Saved entries:

━━━━━━━━

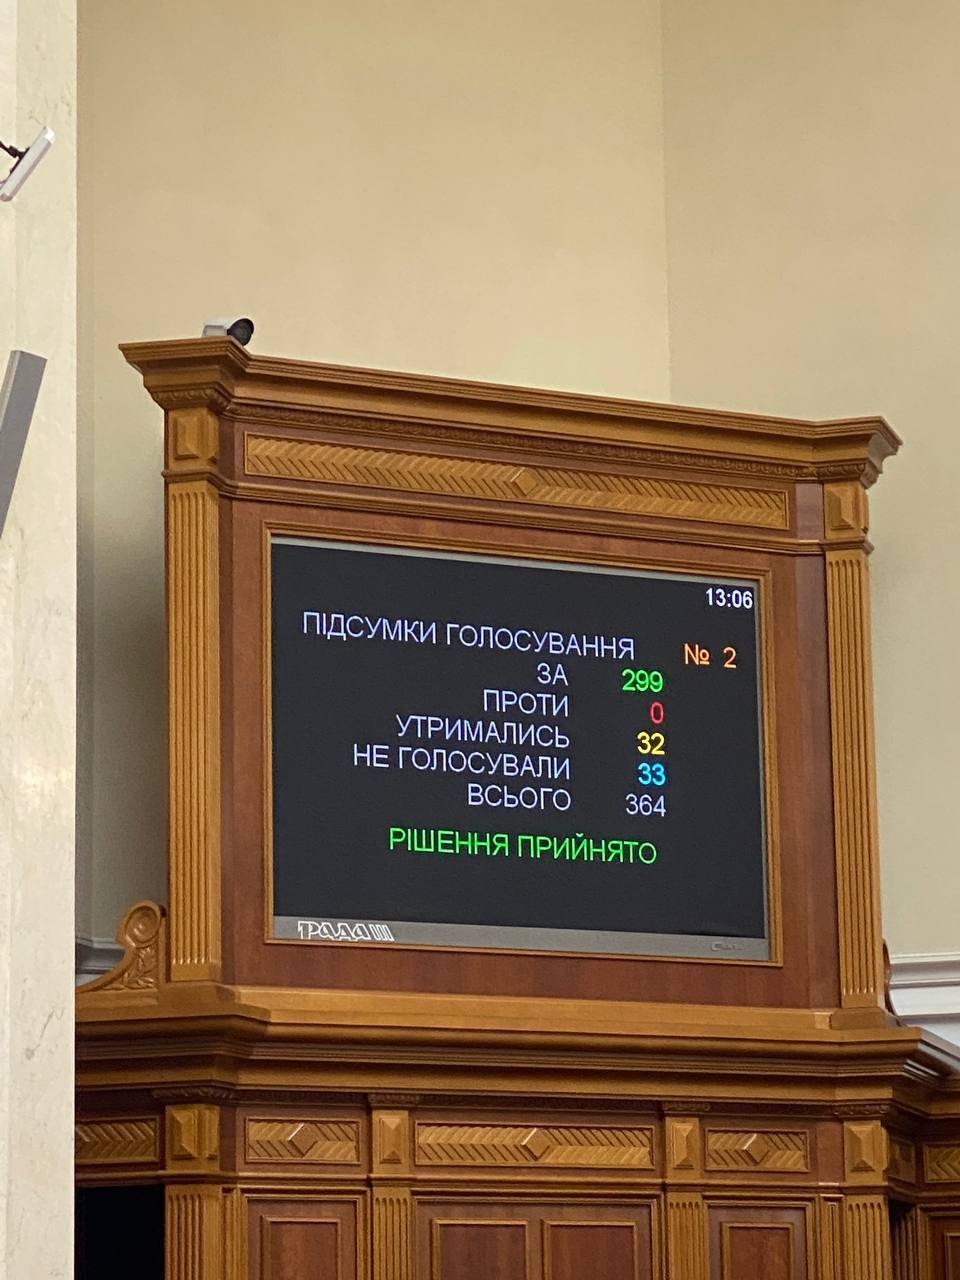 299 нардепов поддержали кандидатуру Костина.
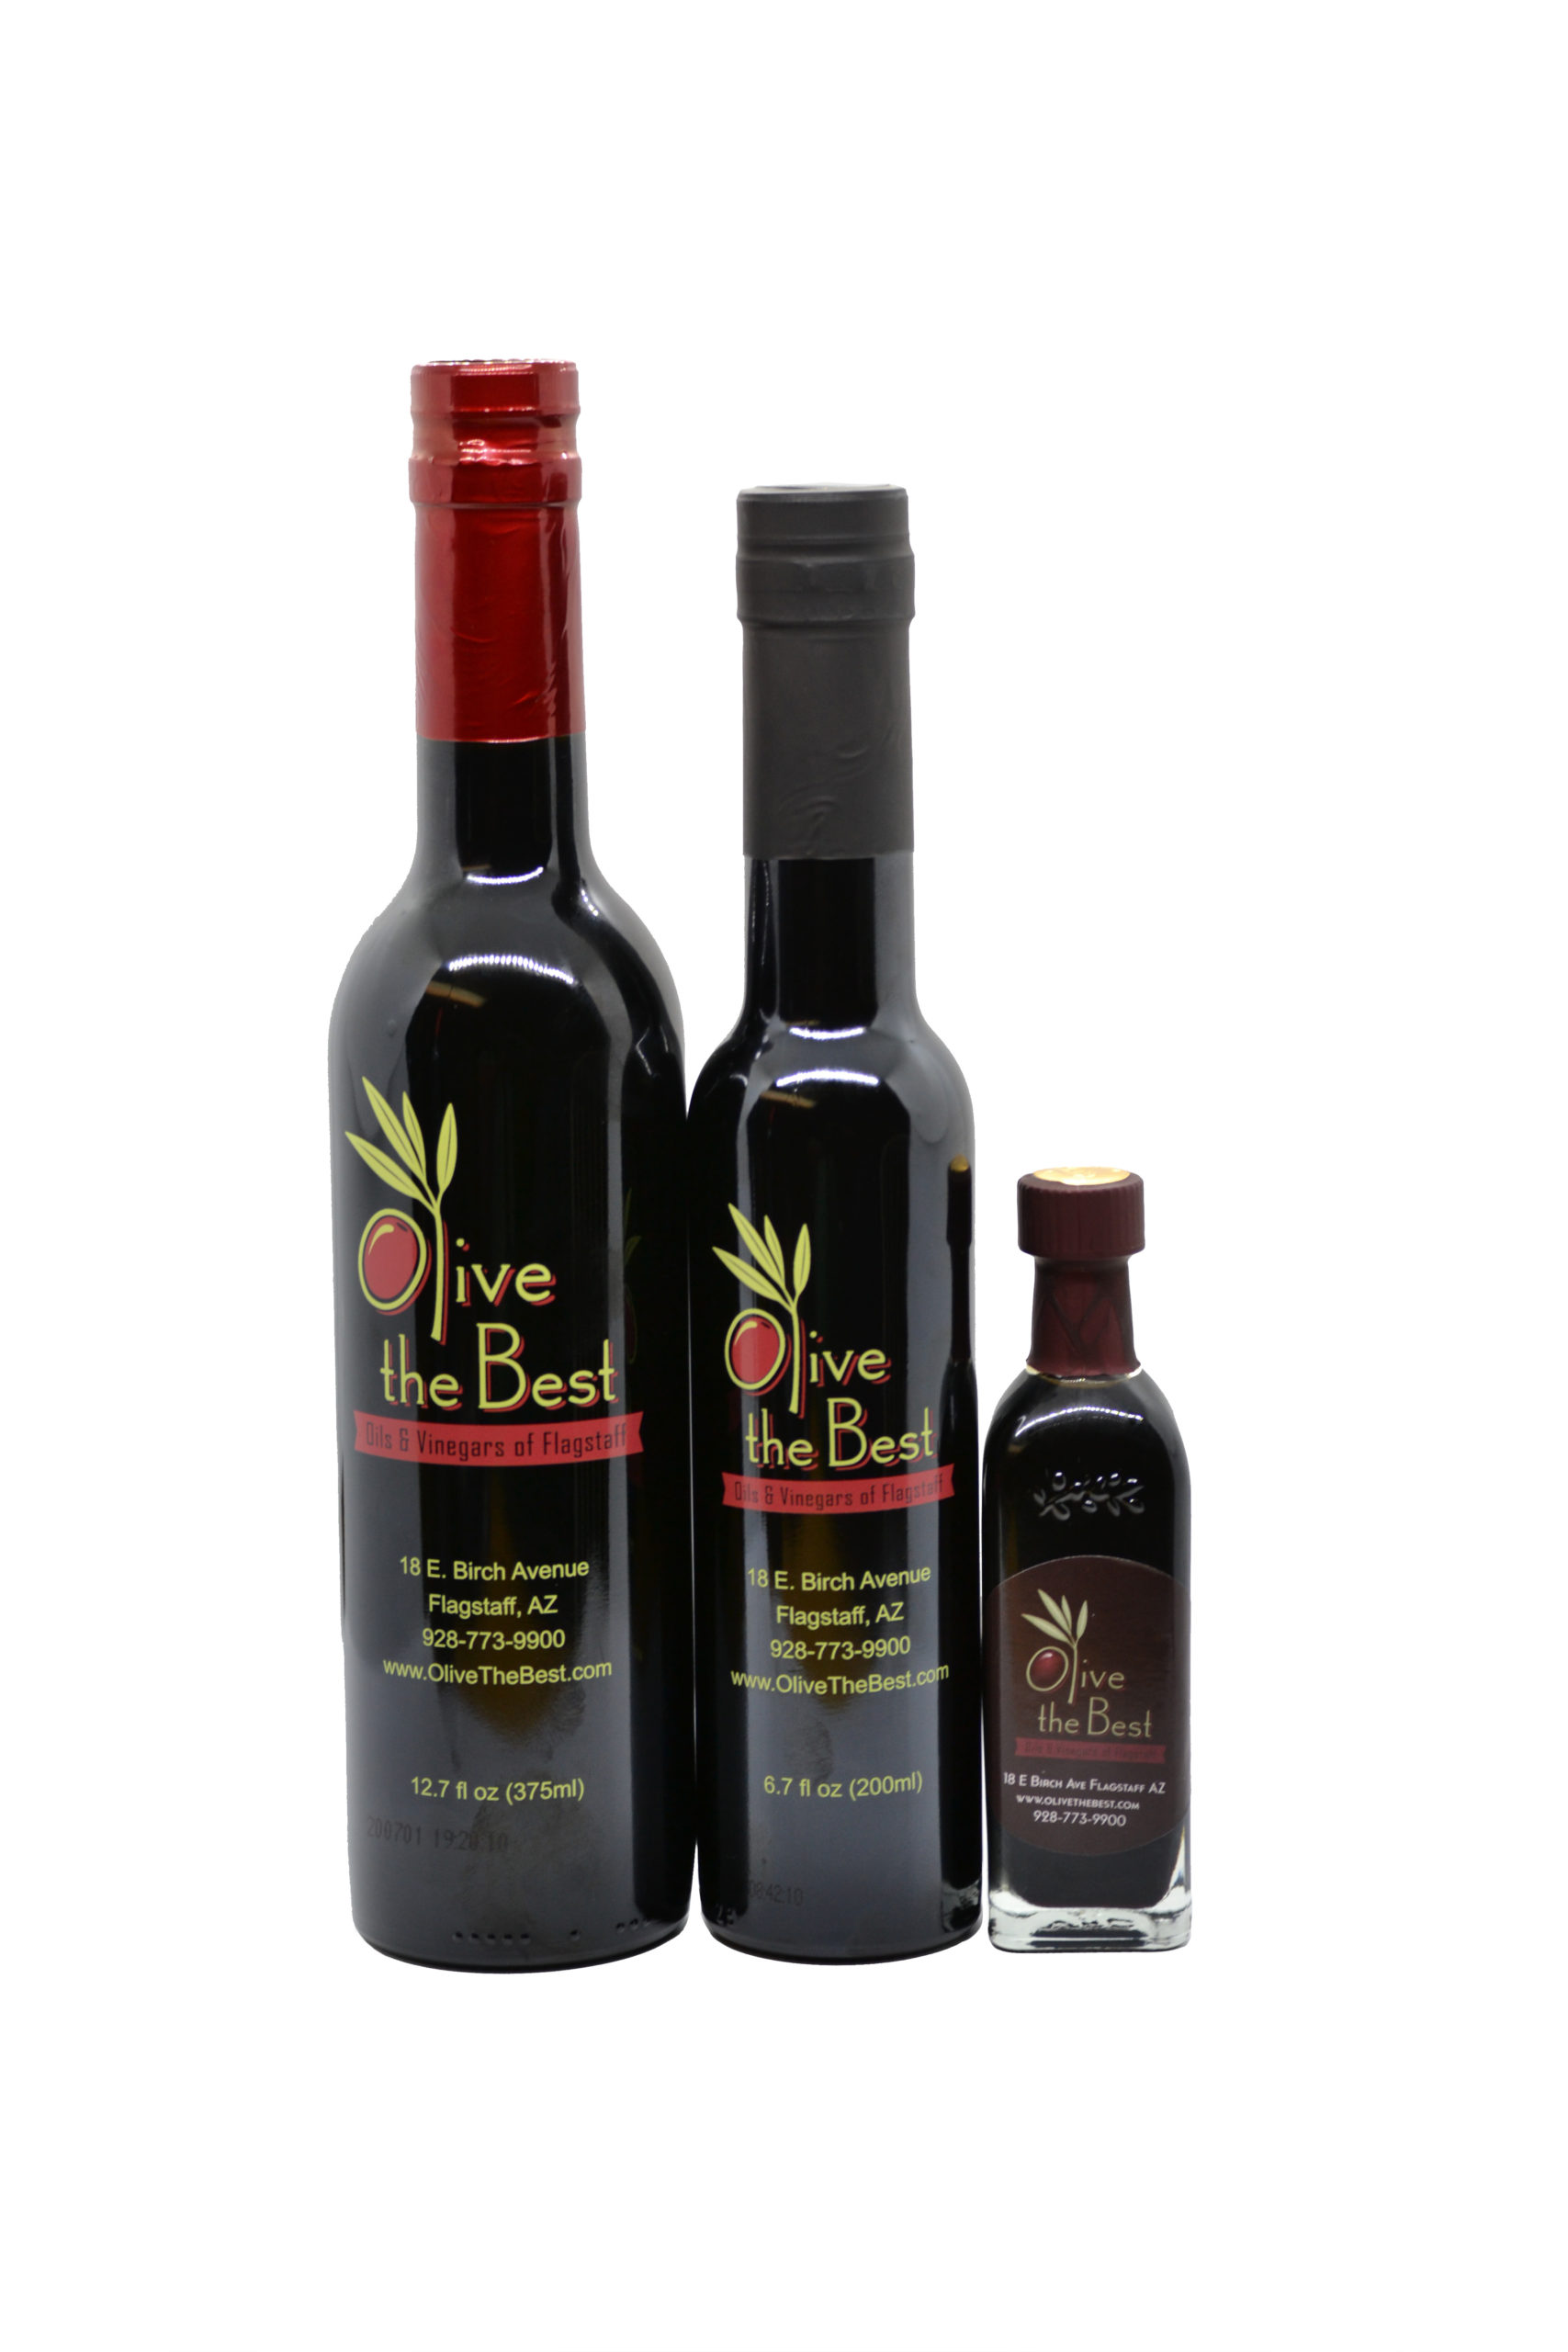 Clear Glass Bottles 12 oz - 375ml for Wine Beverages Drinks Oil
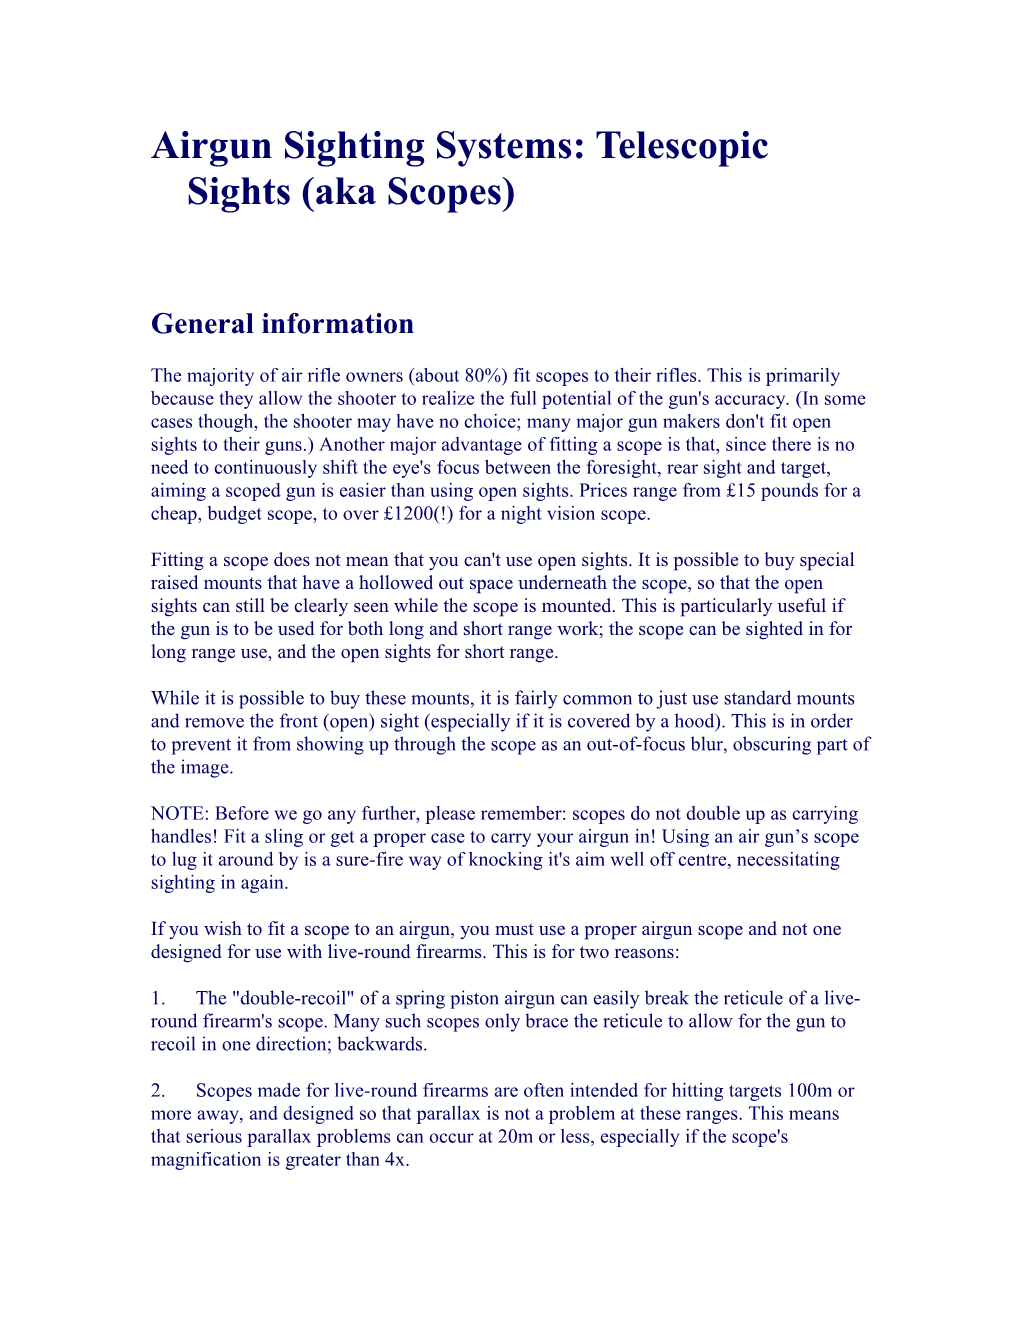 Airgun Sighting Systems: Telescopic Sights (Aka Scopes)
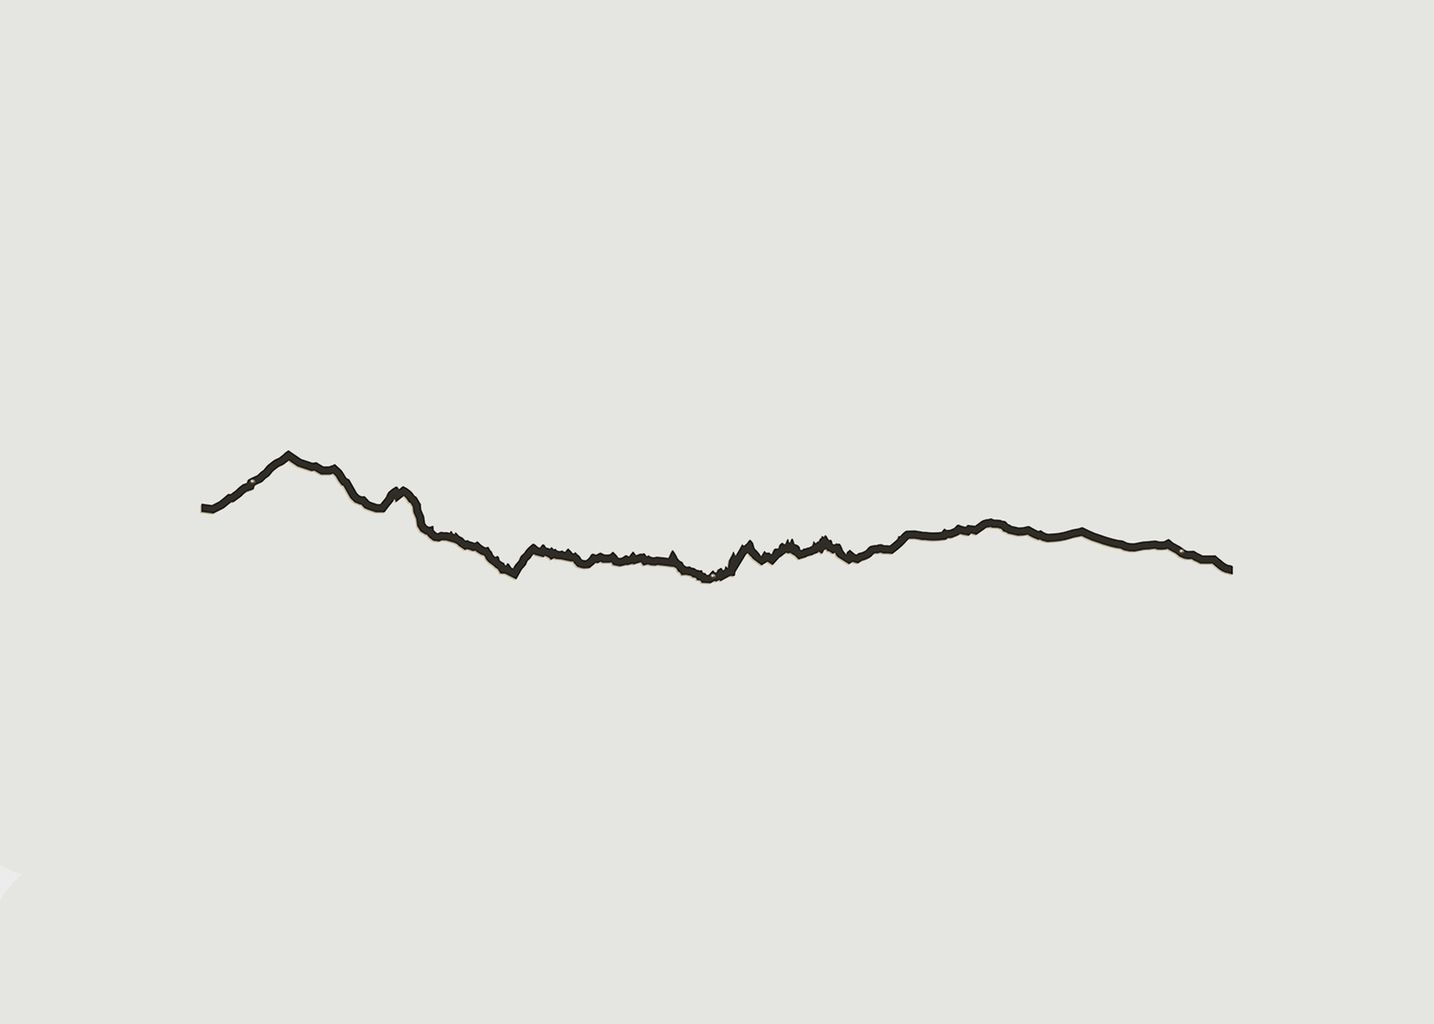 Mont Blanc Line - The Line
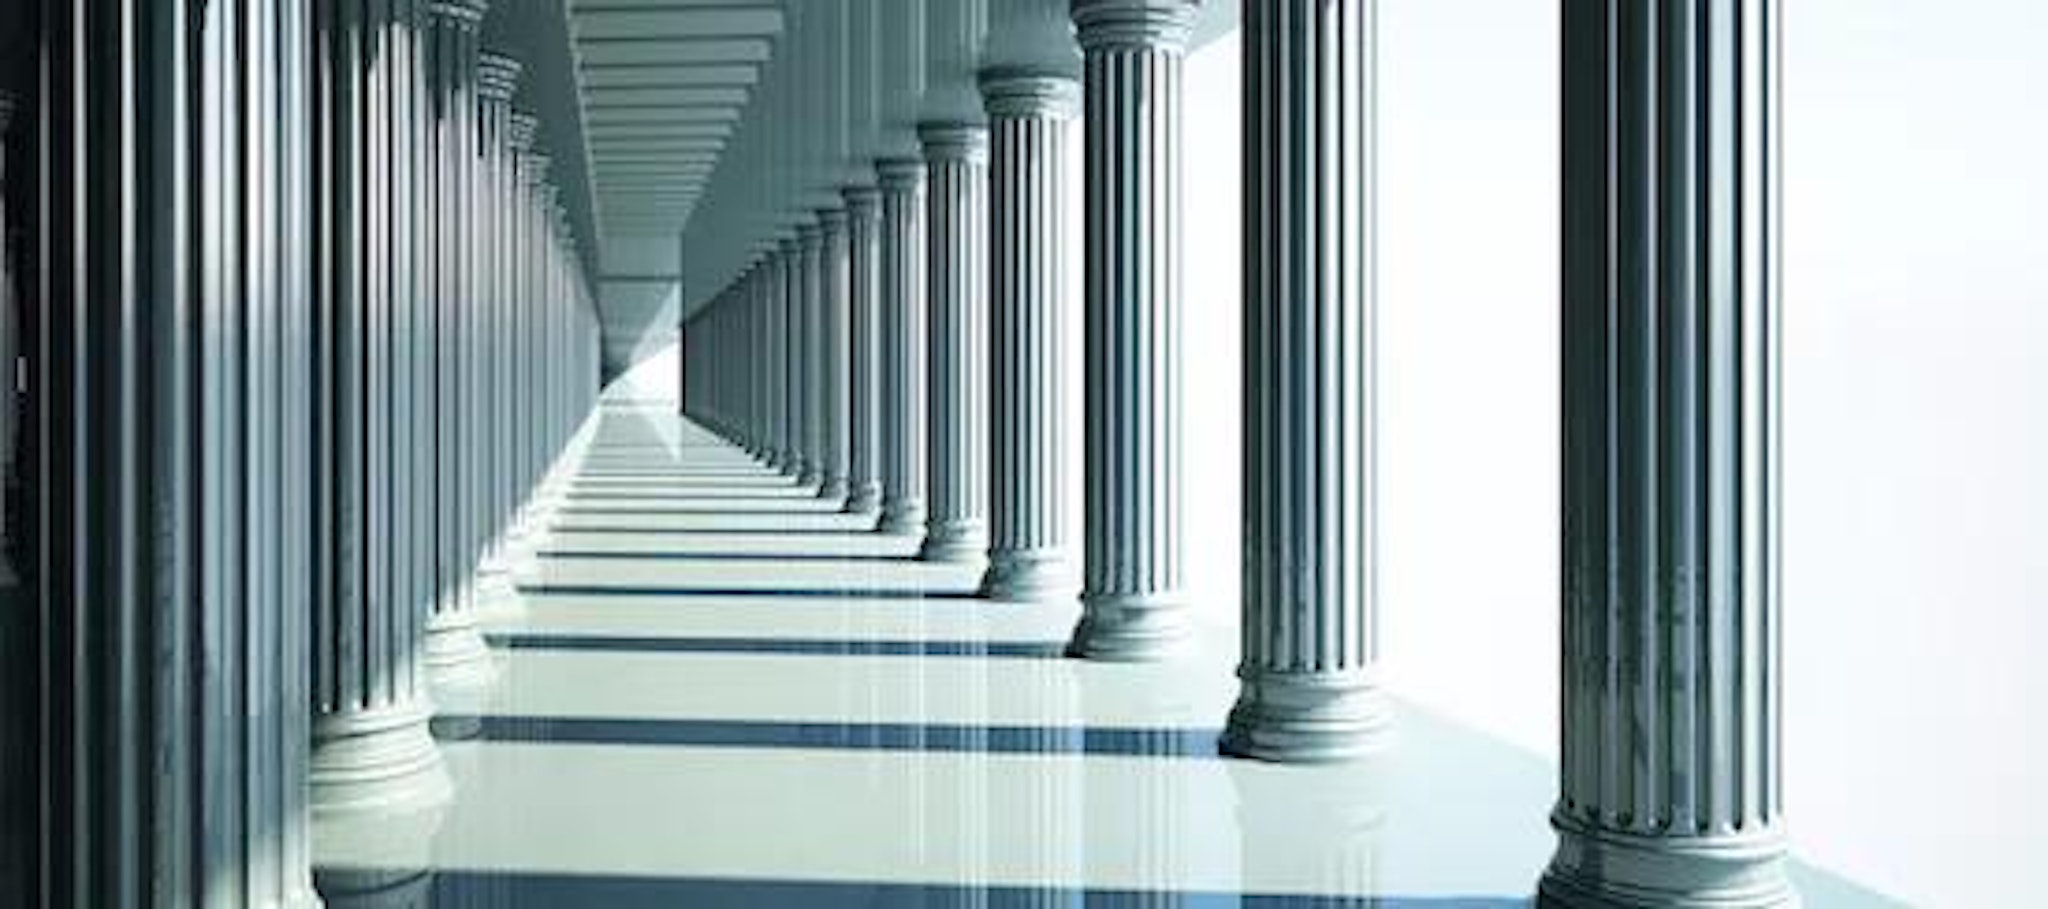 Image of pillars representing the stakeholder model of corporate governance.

━━━━━━━━

All of the entries above are to be transcribed word for word, with no pictures included.

Completed task:
 299 нардепов поддержали кандидатуру Костина.
 Clear Glass Bottles 12 oz - 375ml for Wine Beverages Drinks Oil
 Airgun Sighting Systems: Telescopic Sights (Aka Scopes)
 Mont Blanc Line - The Line
 Image of pillars representing the stakeholder model of corporate governance.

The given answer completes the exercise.